Existing containers intended for the transport of powder or pellets of uranium oxide comprise a hollow body, which internally delimits a closed cavity for accommodating the fissile materials. The hollow body is generally cylindrical in shape.

More precisely, the fissile materials are usually packaged in metallic chambers closed by covers with metallic screed. The external geometry of these chambers is designed so as to conform to that of the cavity delimited by the hollow body.

The hollow body of the container comprises, at least at one of its ends, an opening allowing access to the cavity, for inserting and withdrawing the chamber containing the fissile materials.
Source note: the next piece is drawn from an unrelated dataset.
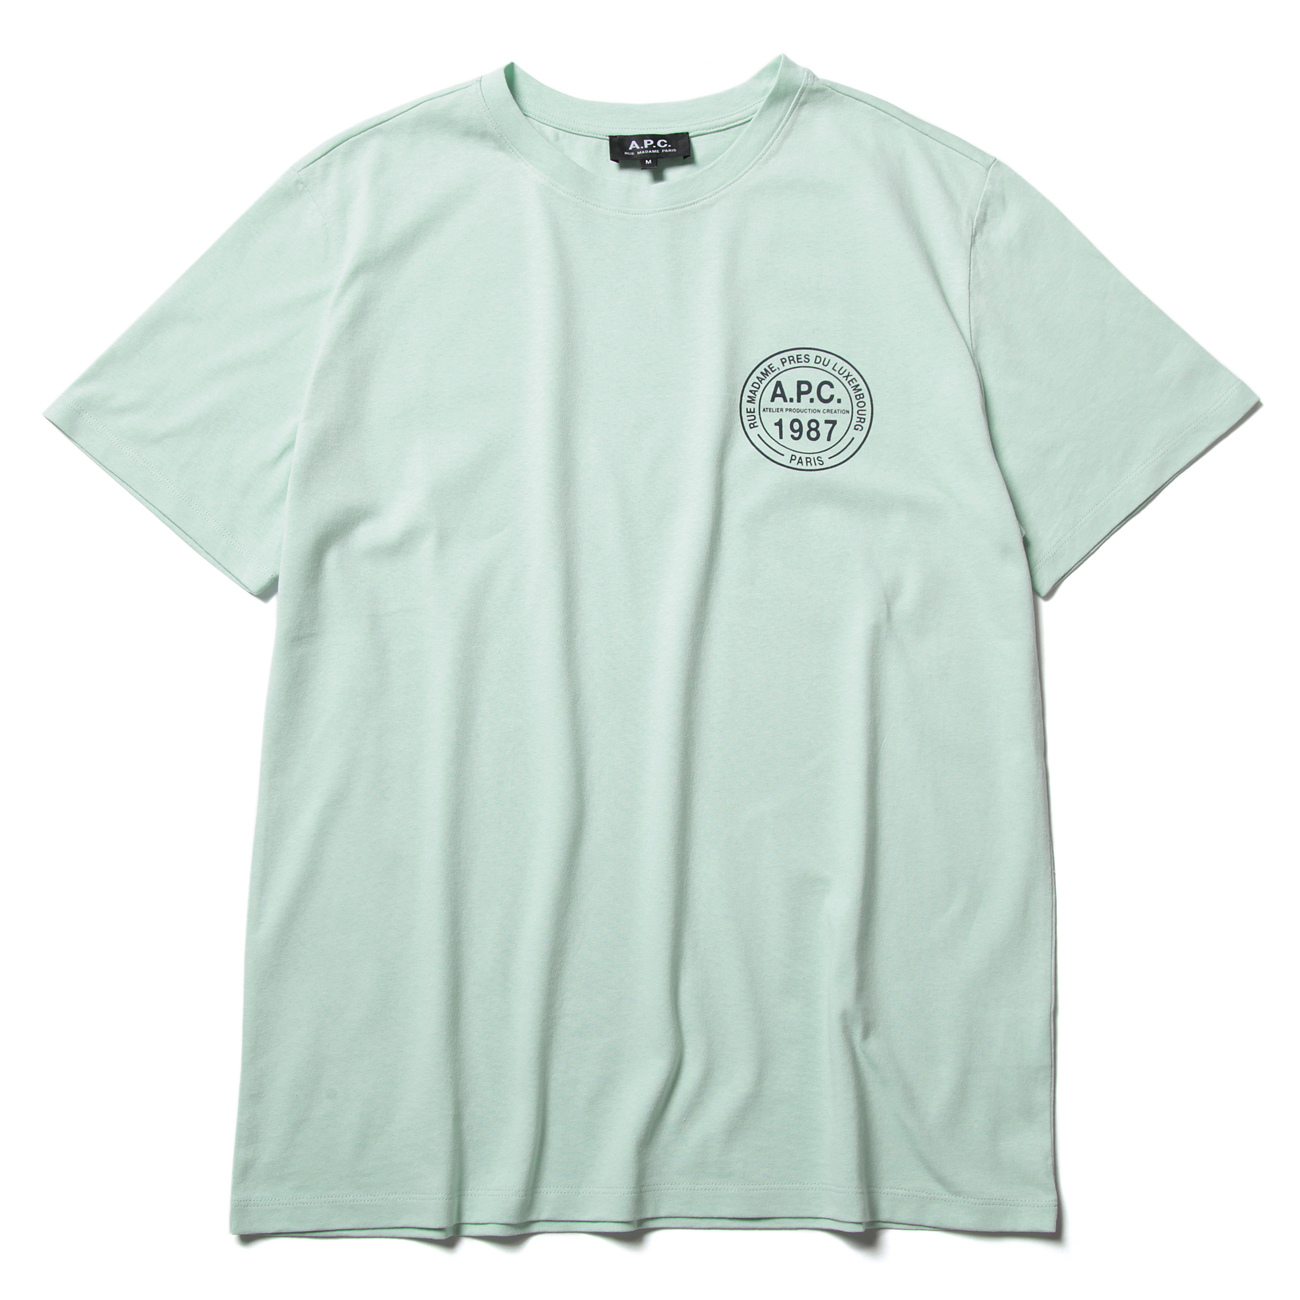 APC ■ ollie Tシャツ white sizeL

Under normal transport conditions, this opening is sealed by a closing device such as a screwed-down stopper.

The transport of fissile materials is governed by international ruling which imposes increasingly severe conditions on containers utilised for this purpose.

These conditions concern preventing the risk of criticality, confinement of the material transported and protection of the public vis-à-vis ionising radiation.
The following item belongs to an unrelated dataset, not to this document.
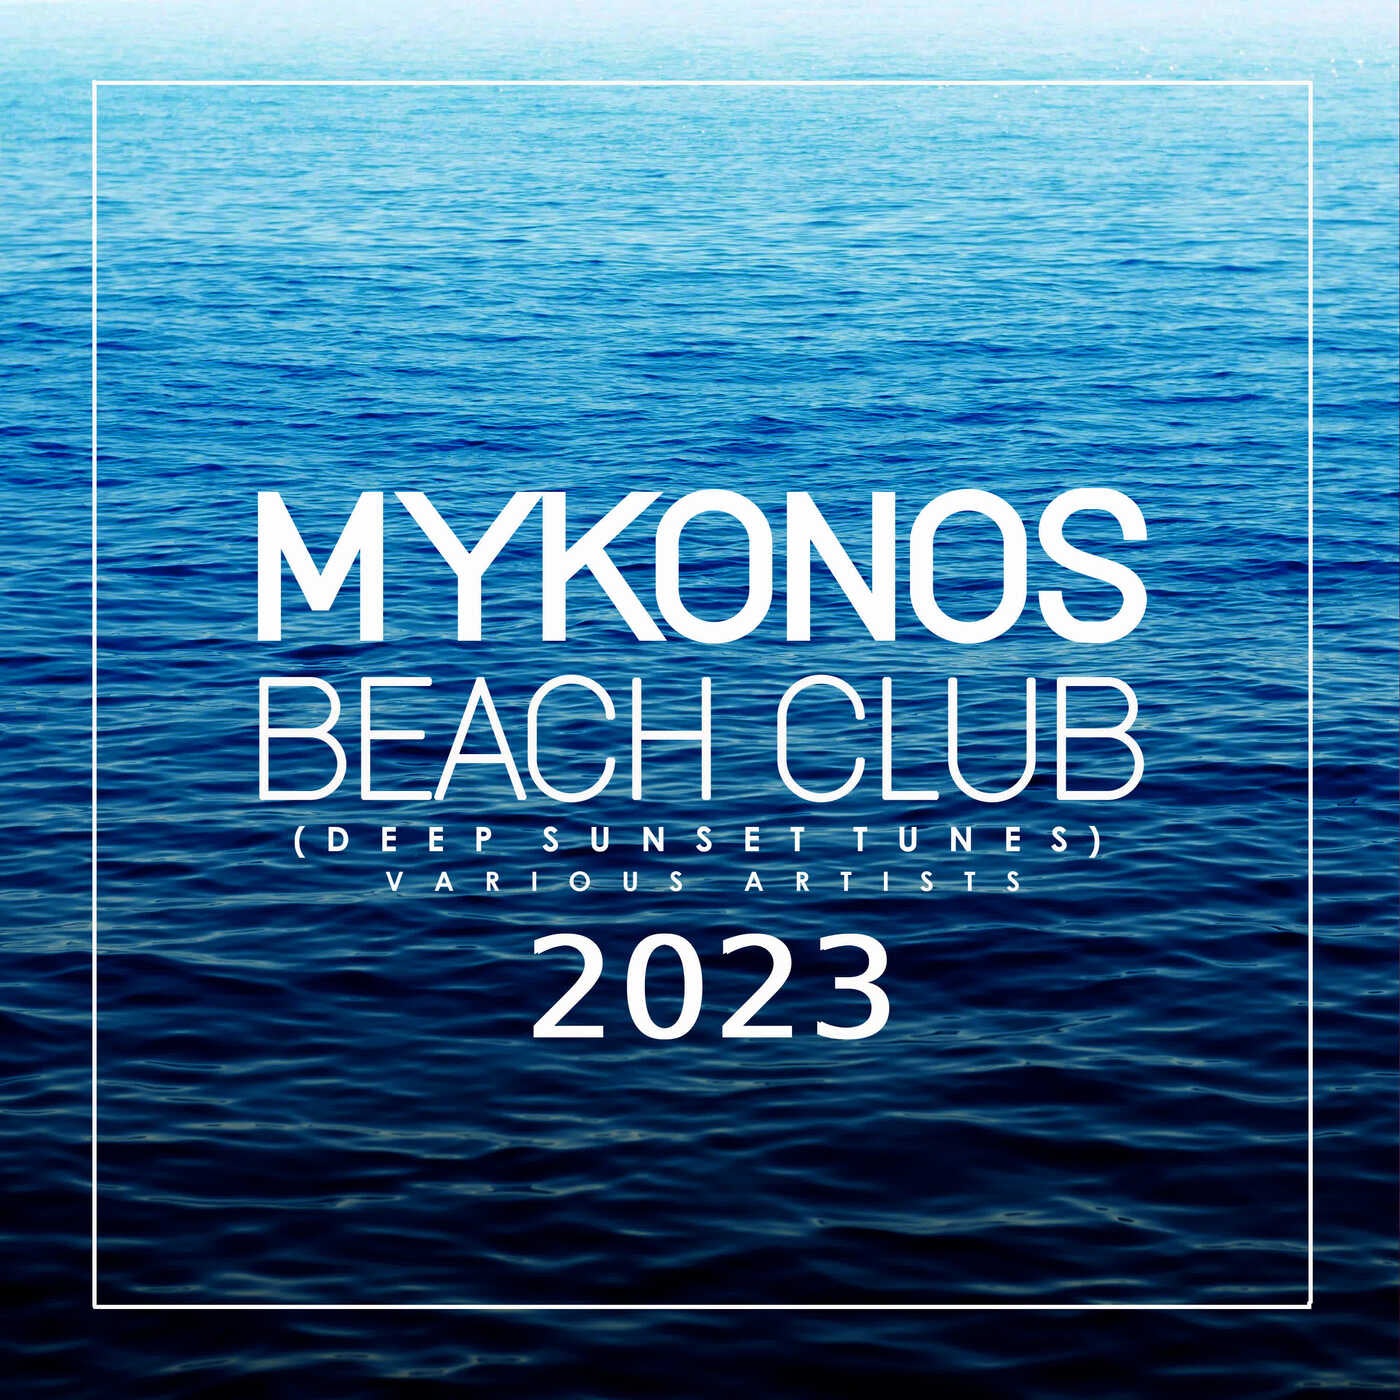 Mykonos Beach Club 2023 (Deep Sunset Tunes)

In the first instance, a container suitable for holding fissile radioactive materials must be designed so as to avoid uncontrolled multiplication of neutrons emitted by these materials. On the contrary, if the chain reaction starts to run it could have serious consequences for persons located in the vicinity of the container. In fact, the latter would then be exposed to radiation due to the neutrons emitted quasi-instantaneously and in very large quantities.

This phenomenon is amplified whenever a large number of containers is placed in an array, in particular in the event where they would deteriorate as the result of an accident occurring during transportation. This is why regulations oblige containers intended for transporting fissile materials to undergo random testing for transport accident conditions.

Preventing the risk of criticality also requires confinement of the fissile materials. This function is assured by all the elements of the container which delimit the closed volume which can be occupied by the fissile materials. This set of elements forms what is known as the “confinement enclosure” of the container.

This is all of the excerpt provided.